■ Required action
The lines to extract run from the first line of the entries through the line that contains "Walmart, Toyota, Samsung, Optum, McKesson"; reproduce exactly those lines and no others.
# # # # # # #
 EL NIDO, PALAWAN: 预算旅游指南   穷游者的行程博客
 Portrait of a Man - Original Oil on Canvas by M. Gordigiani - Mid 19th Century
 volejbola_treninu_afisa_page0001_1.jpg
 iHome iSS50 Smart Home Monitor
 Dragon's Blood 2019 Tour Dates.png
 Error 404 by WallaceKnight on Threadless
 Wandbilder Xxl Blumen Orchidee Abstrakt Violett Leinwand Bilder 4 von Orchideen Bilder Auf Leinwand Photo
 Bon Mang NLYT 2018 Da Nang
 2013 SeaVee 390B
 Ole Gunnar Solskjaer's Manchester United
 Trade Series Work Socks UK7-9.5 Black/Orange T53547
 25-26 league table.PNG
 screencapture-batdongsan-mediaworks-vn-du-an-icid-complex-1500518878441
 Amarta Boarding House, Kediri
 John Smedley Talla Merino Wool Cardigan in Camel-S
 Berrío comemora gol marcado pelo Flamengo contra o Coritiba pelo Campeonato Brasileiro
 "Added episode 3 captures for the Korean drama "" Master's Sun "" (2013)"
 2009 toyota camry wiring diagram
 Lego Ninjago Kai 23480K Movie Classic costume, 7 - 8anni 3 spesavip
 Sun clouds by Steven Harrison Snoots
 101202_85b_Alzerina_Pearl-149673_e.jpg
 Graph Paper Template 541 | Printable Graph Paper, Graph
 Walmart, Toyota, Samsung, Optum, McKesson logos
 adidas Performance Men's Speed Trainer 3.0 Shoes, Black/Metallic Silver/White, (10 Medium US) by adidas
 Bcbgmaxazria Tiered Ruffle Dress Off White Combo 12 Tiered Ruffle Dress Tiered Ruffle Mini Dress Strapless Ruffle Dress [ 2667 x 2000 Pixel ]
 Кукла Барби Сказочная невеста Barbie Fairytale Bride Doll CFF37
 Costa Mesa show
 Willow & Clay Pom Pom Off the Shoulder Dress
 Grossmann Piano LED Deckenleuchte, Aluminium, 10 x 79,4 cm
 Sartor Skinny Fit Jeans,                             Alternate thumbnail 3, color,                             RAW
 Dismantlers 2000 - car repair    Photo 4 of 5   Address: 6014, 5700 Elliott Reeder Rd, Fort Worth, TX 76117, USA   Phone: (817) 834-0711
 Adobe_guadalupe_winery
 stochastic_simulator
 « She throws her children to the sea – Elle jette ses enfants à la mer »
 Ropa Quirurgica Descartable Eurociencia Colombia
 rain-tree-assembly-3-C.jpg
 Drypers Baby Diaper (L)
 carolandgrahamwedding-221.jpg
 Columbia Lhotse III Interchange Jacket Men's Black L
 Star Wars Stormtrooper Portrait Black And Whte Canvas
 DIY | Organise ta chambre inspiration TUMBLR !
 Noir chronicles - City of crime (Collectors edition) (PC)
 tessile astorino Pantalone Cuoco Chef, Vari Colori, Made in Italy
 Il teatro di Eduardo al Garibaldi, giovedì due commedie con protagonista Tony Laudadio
# # # # # # #
■ Result for this task
 EL NIDO, PALAWAN: 预算旅游指南   穷游者的行程博客
 Portrait of a Man - Original Oil on Canvas by M. Gordigiani - Mid 19th Century
 volejbola_treninu_afisa_page0001_1.jpg
 iHome iSS50 Smart Home Monitor
 Dragon's Blood 2019 Tour Dates.png
 Error 404 by WallaceKnight on Threadless
 Wandbilder Xxl Blumen Orchidee Abstrakt Violett Leinwand Bilder 4 von Orchideen Bilder Auf Leinwand Photo
 Bon Mang NLYT 2018 Da Nang
 2013 SeaVee 390B
 Ole Gunnar Solskjaer's Manchester United
 Trade Series Work Socks UK7-9.5 Black/Orange T53547
 25-26 league table.PNG
 screencapture-batdongsan-mediaworks-vn-du-an-icid-complex-1500518878441
 Amarta Boarding House, Kediri
 John Smedley Talla Merino Wool Cardigan in Camel-S
 Berrío comemora gol marcado pelo Flamengo contra o Coritiba pelo Campeonato Brasileiro
 "Added episode 3 captures for the Korean drama "" Master's Sun "" (2013)"
 2009 toyota camry wiring diagram
 Lego Ninjago Kai 23480K Movie Classic costume, 7 - 8anni 3 spesavip
 Sun clouds by Steven Harrison Snoots
 101202_85b_Alzerina_Pearl-149673_e.jpg
 Graph Paper Template 541 | Printable Graph Paper, Graph
 Walmart, Toyota, Samsung, Optum, McKesson logos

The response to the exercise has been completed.